Another highlight was a landmark publication (1962) by C. Henry Kempe, M.D., FAAP, who is credited with coining the term “battered child.” The following year, the AAP released a statement on the maltreatment of children. The Children’s Bureau suggested language for state laws to require physicians and hospitals to report child abuse; all states passed these laws by the end of 1967.

At the end of the ’60s, the AAP took over publishing Pediatrics and purchased the building next door to the central office.

Accident prevention work continues

The Committee on Accident Prevention set up a clearinghouse for reports of unusual accidents and monitored problems.

Policy statements in the ’60s warned about the hazards of tobacco; the importance of milk sterilization; the need for safety in school buses; the importance of seatbelts and driver education; and diagnosis of lead poisoning. An accidents column in the AAP News Letter (forerunner to AAP News) revealed cases of suffocation of infants wedged between mattresses and bumper guards, strangulation due to dangling cords from blinds and telephones, and injuries from toy boxes.

In 1960, the Federal Hazardous Substances Labeling Act was passed.
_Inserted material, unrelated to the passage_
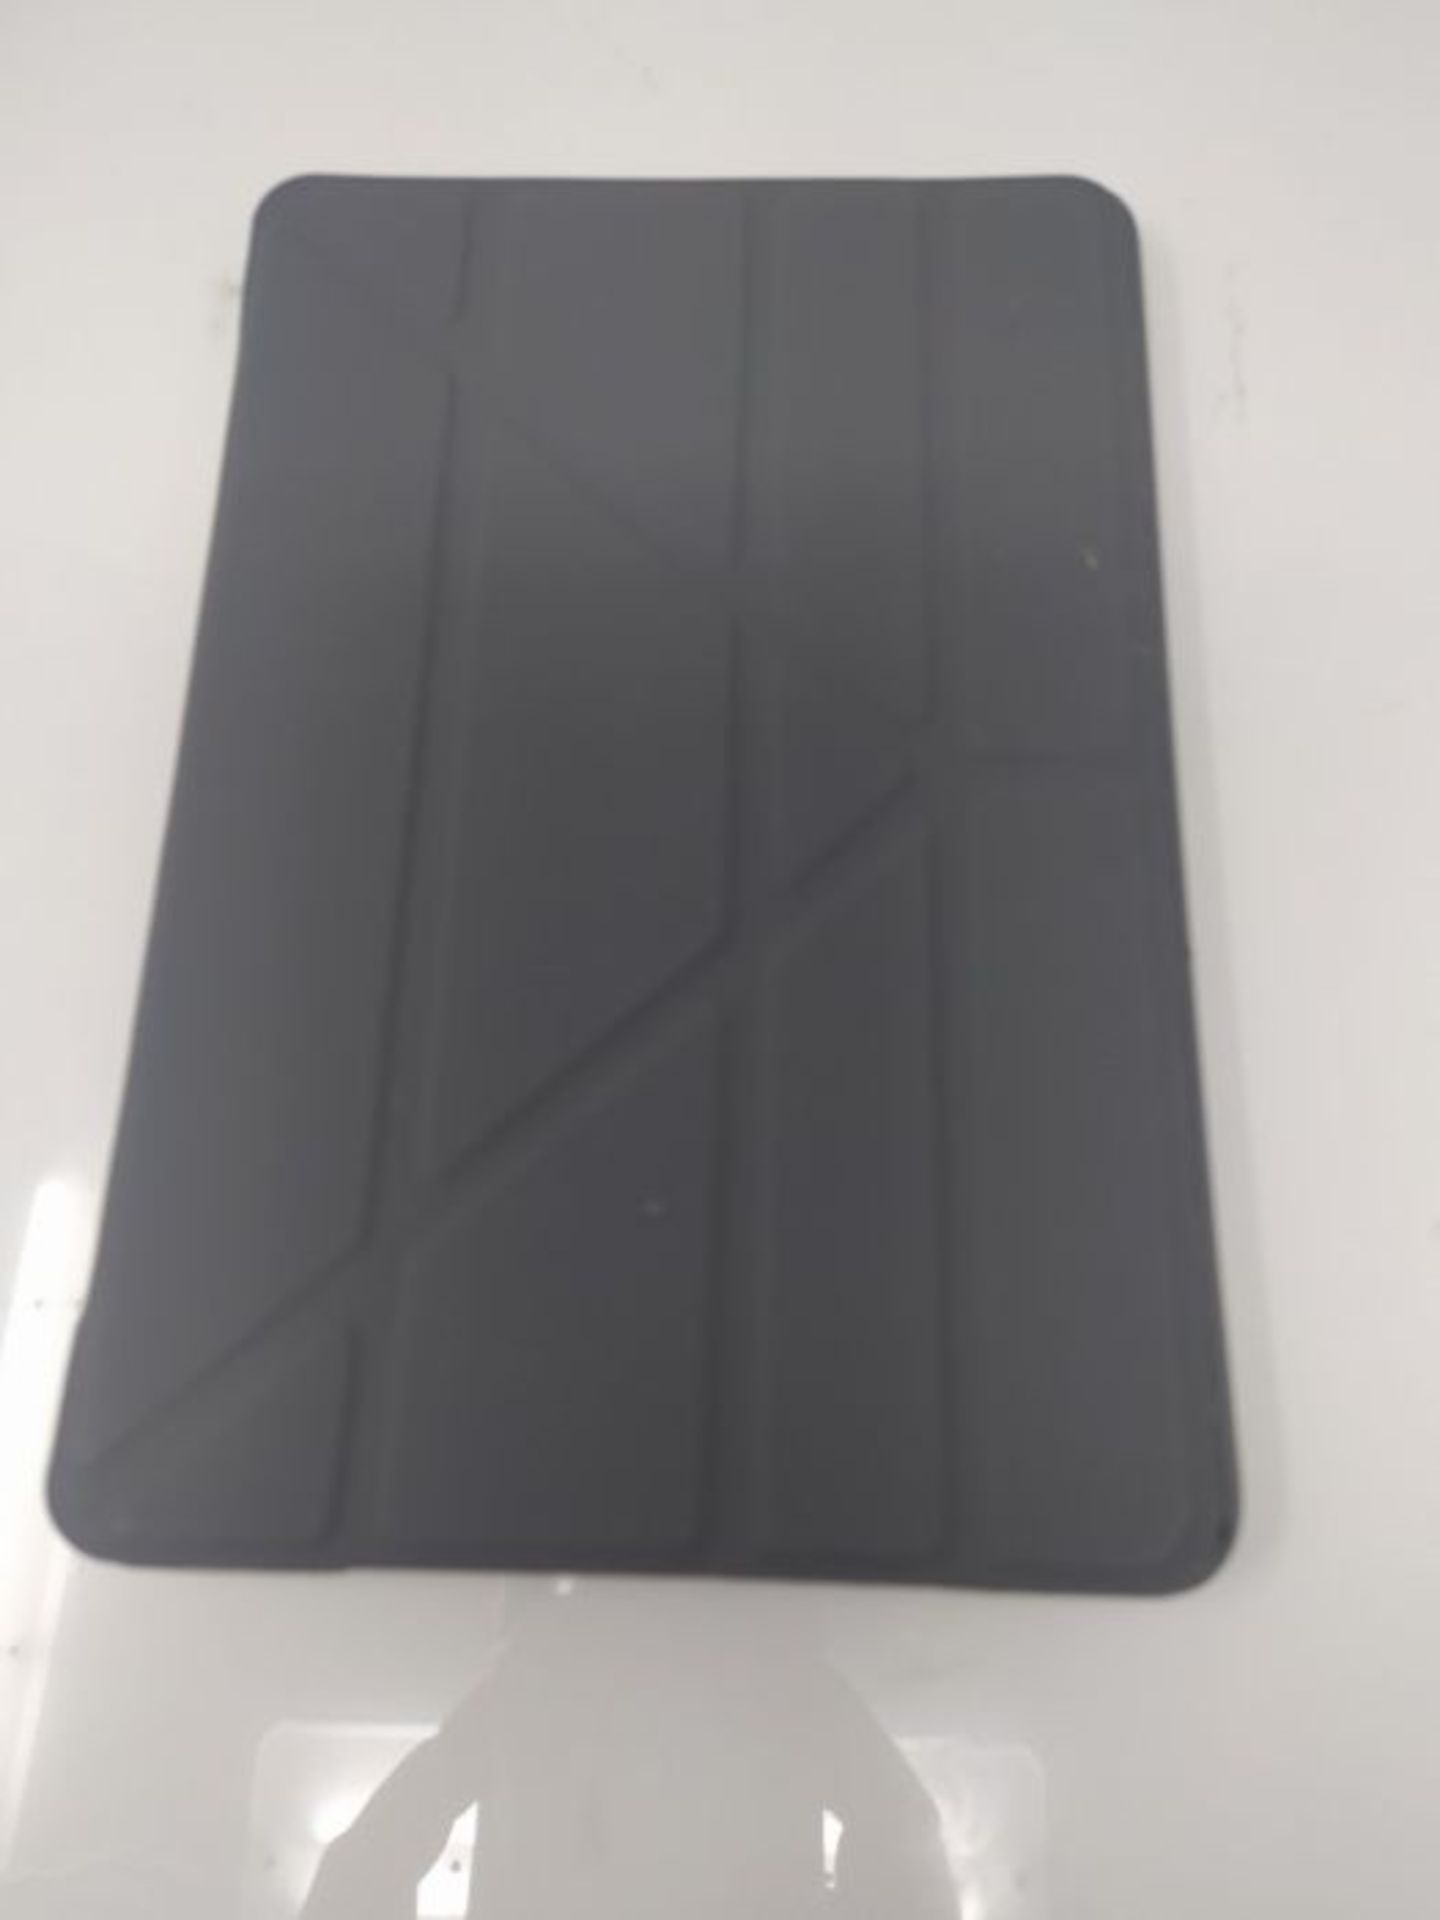 Pipetto iPad Mini 5 (2019) / Mini 4 Origami Dark Grey Slim Case with 5-in-1 Stand posi - Image 2 of 2

In addition, the prescription warning label: “Keep all medication out of the reach of children” was a recommendation of the poison subcommittee of the Committee on Accident Prevention. AAP members were reminded to ensure that this label appeared on all medications they prescribed.

It was another example of pediatricians making progress on the founding goals of the AAP to address, in the words of former President Paul W. Beaven, M.D., FAAP: “…all aspects of the work for the welfare of children.”